> [Dataset extract]
== Segment start ==
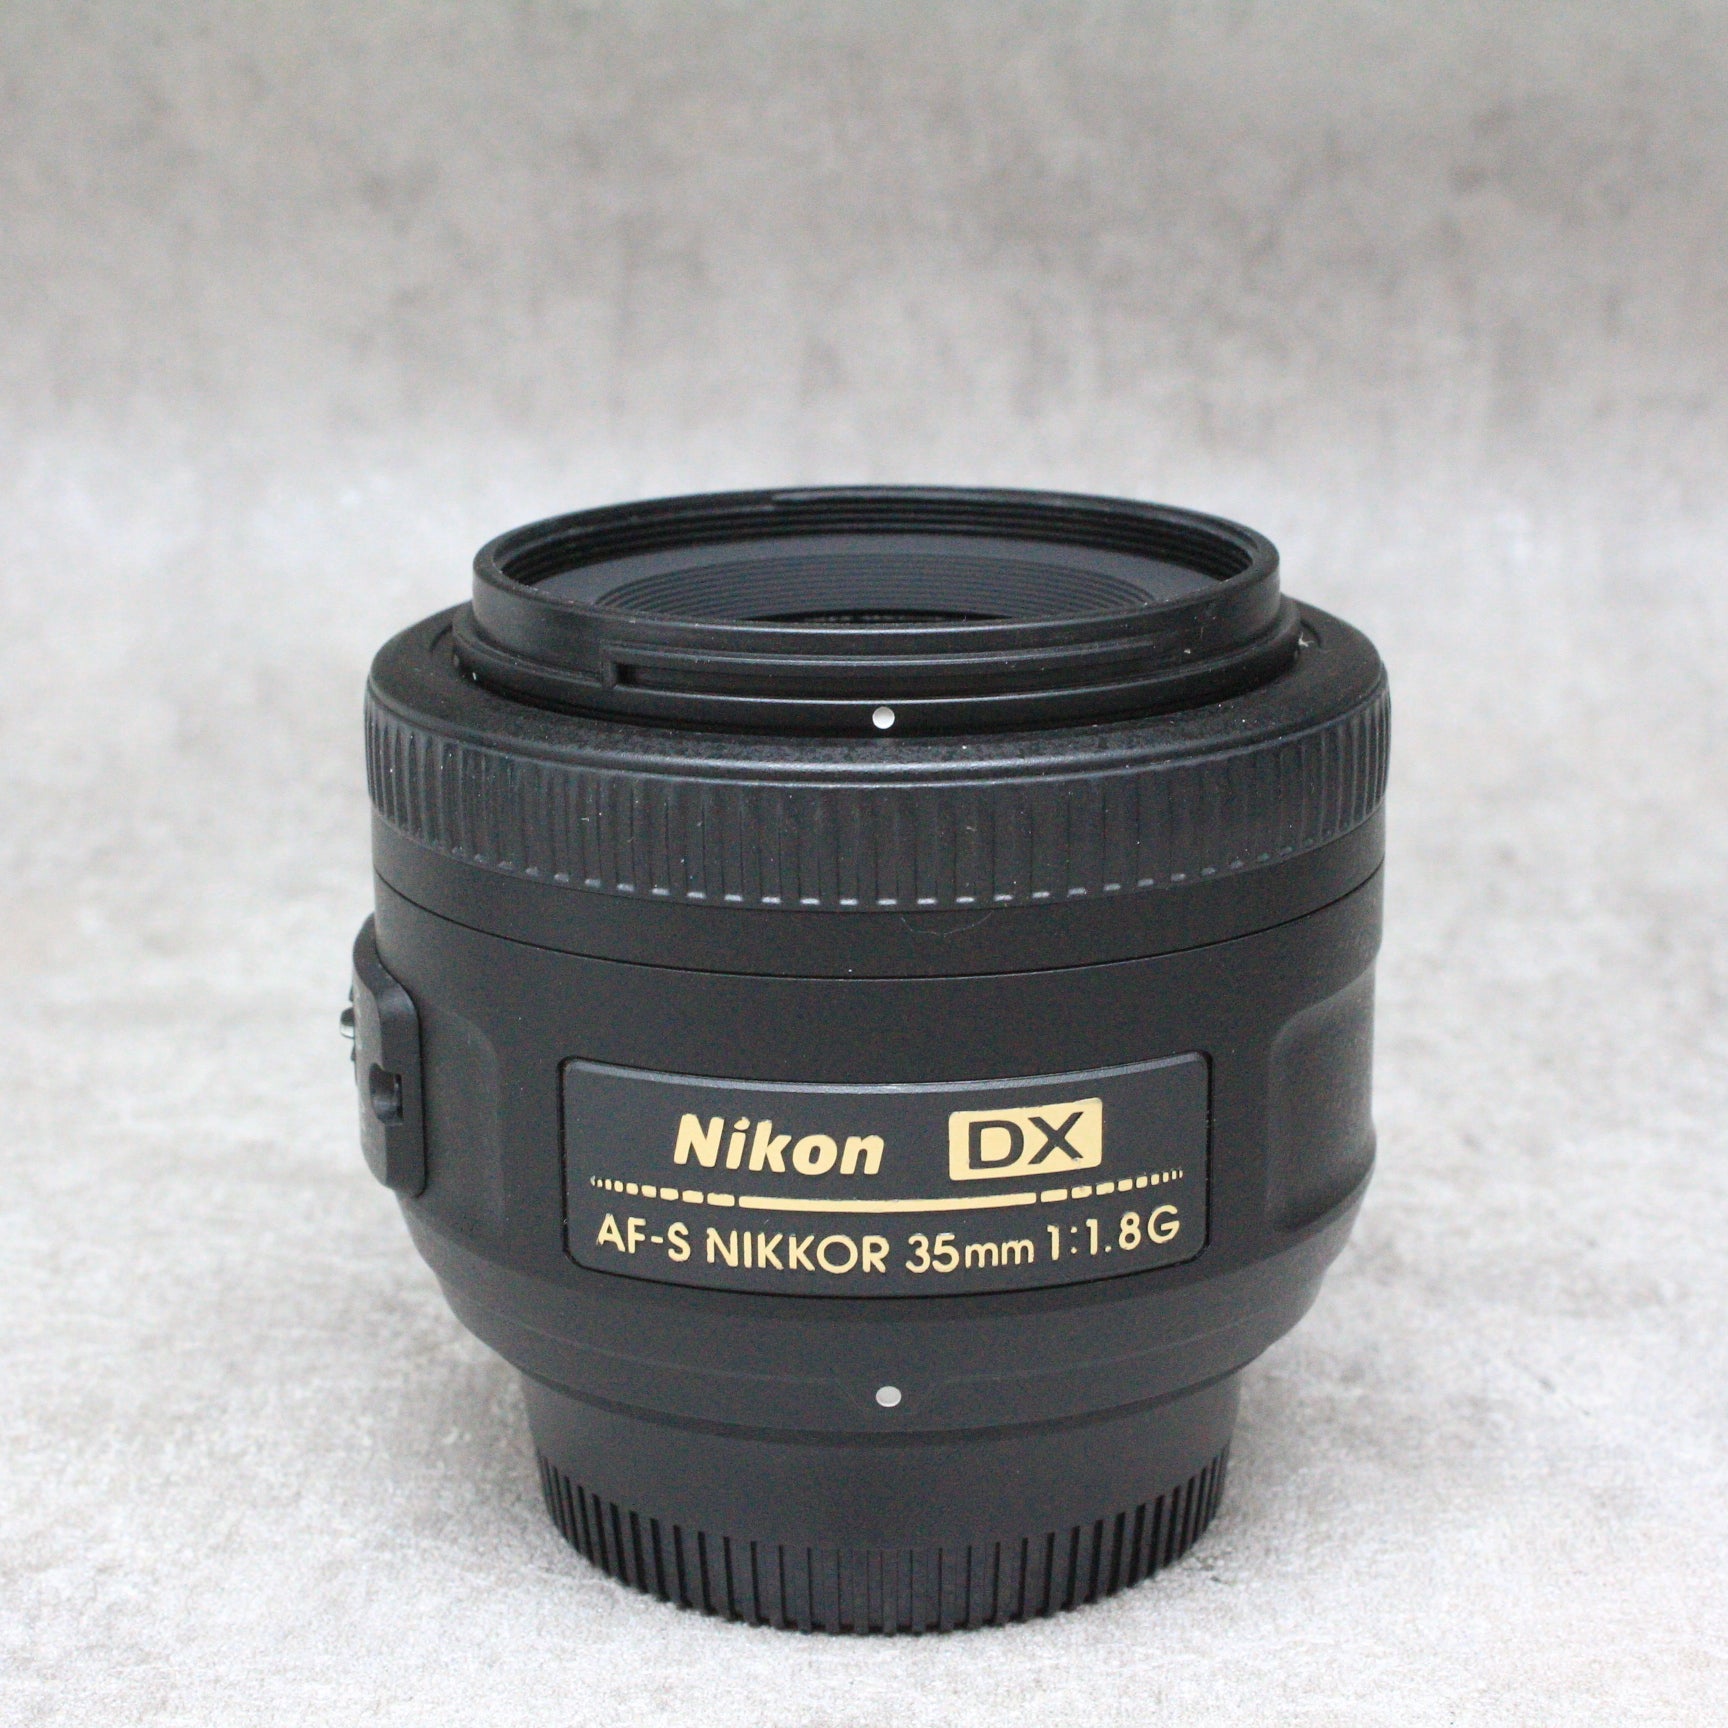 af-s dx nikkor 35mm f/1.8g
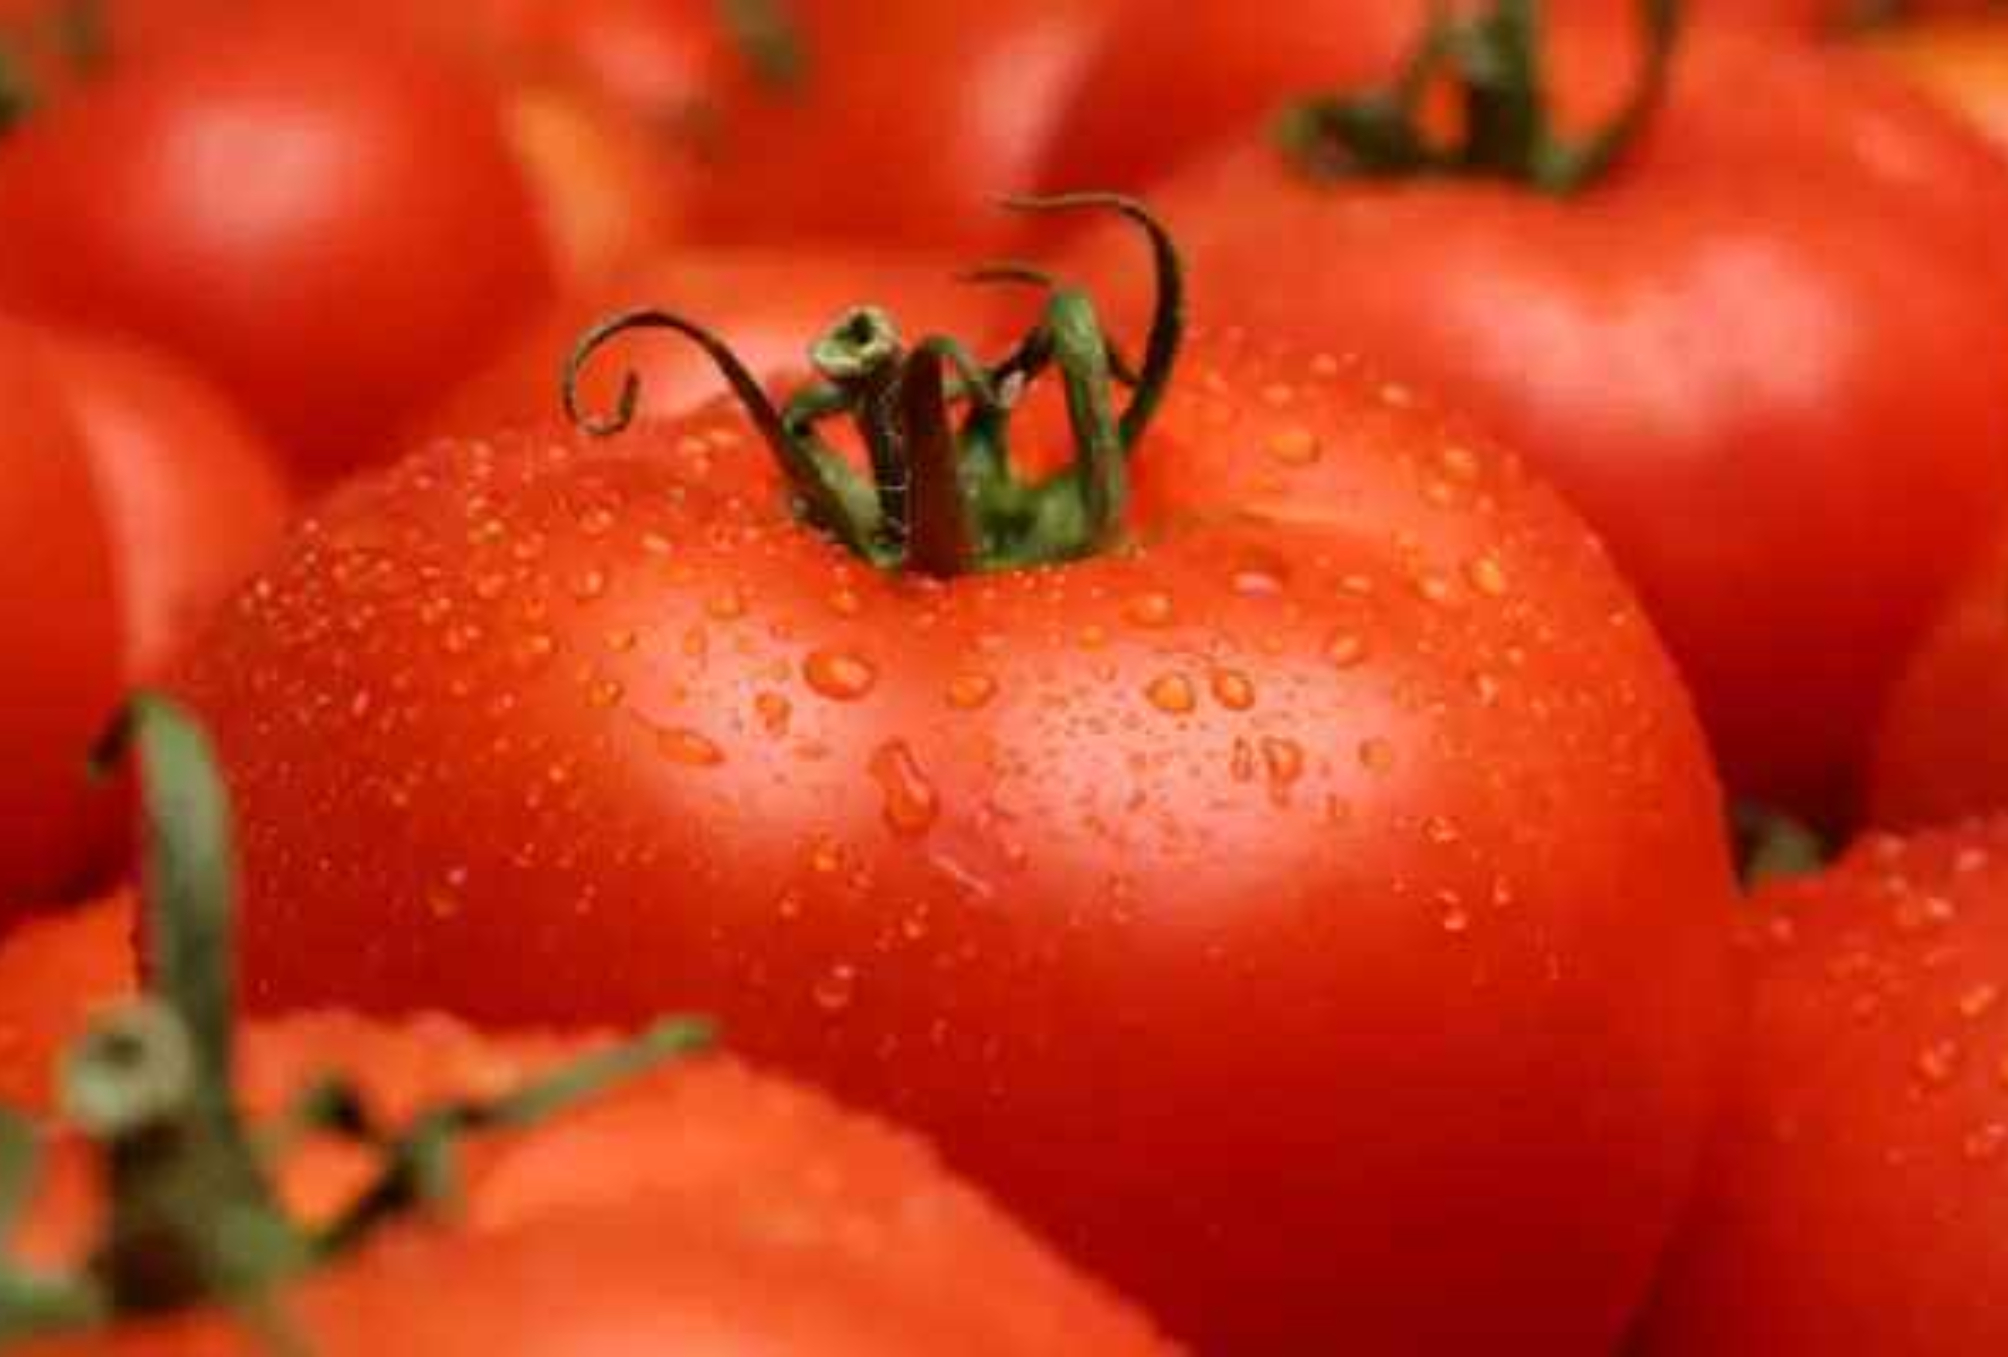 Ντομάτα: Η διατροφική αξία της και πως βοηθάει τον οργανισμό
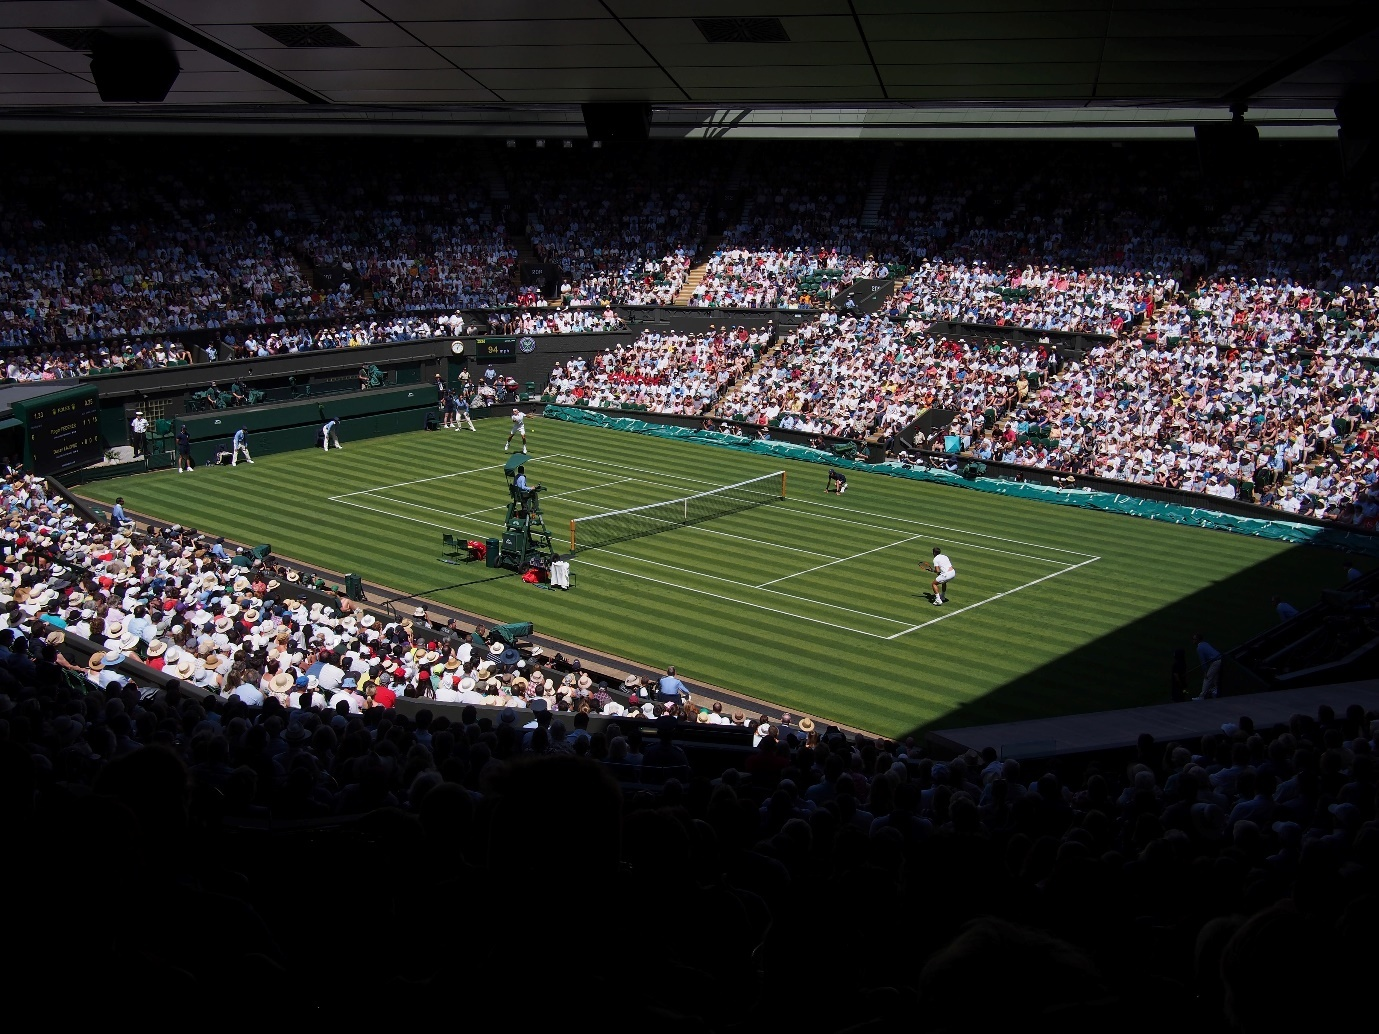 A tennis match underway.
== Segment end ==
> [Task prompt] Return exactly the lines running from the line with "Ντομάτα: Η διατροφική" through the final line of the listing. Leave the pictures out.

> [Finished task]
 Ντομάτα: Η διατροφική αξία της και πως βοηθάει τον οργανισμό
 A tennis match underway.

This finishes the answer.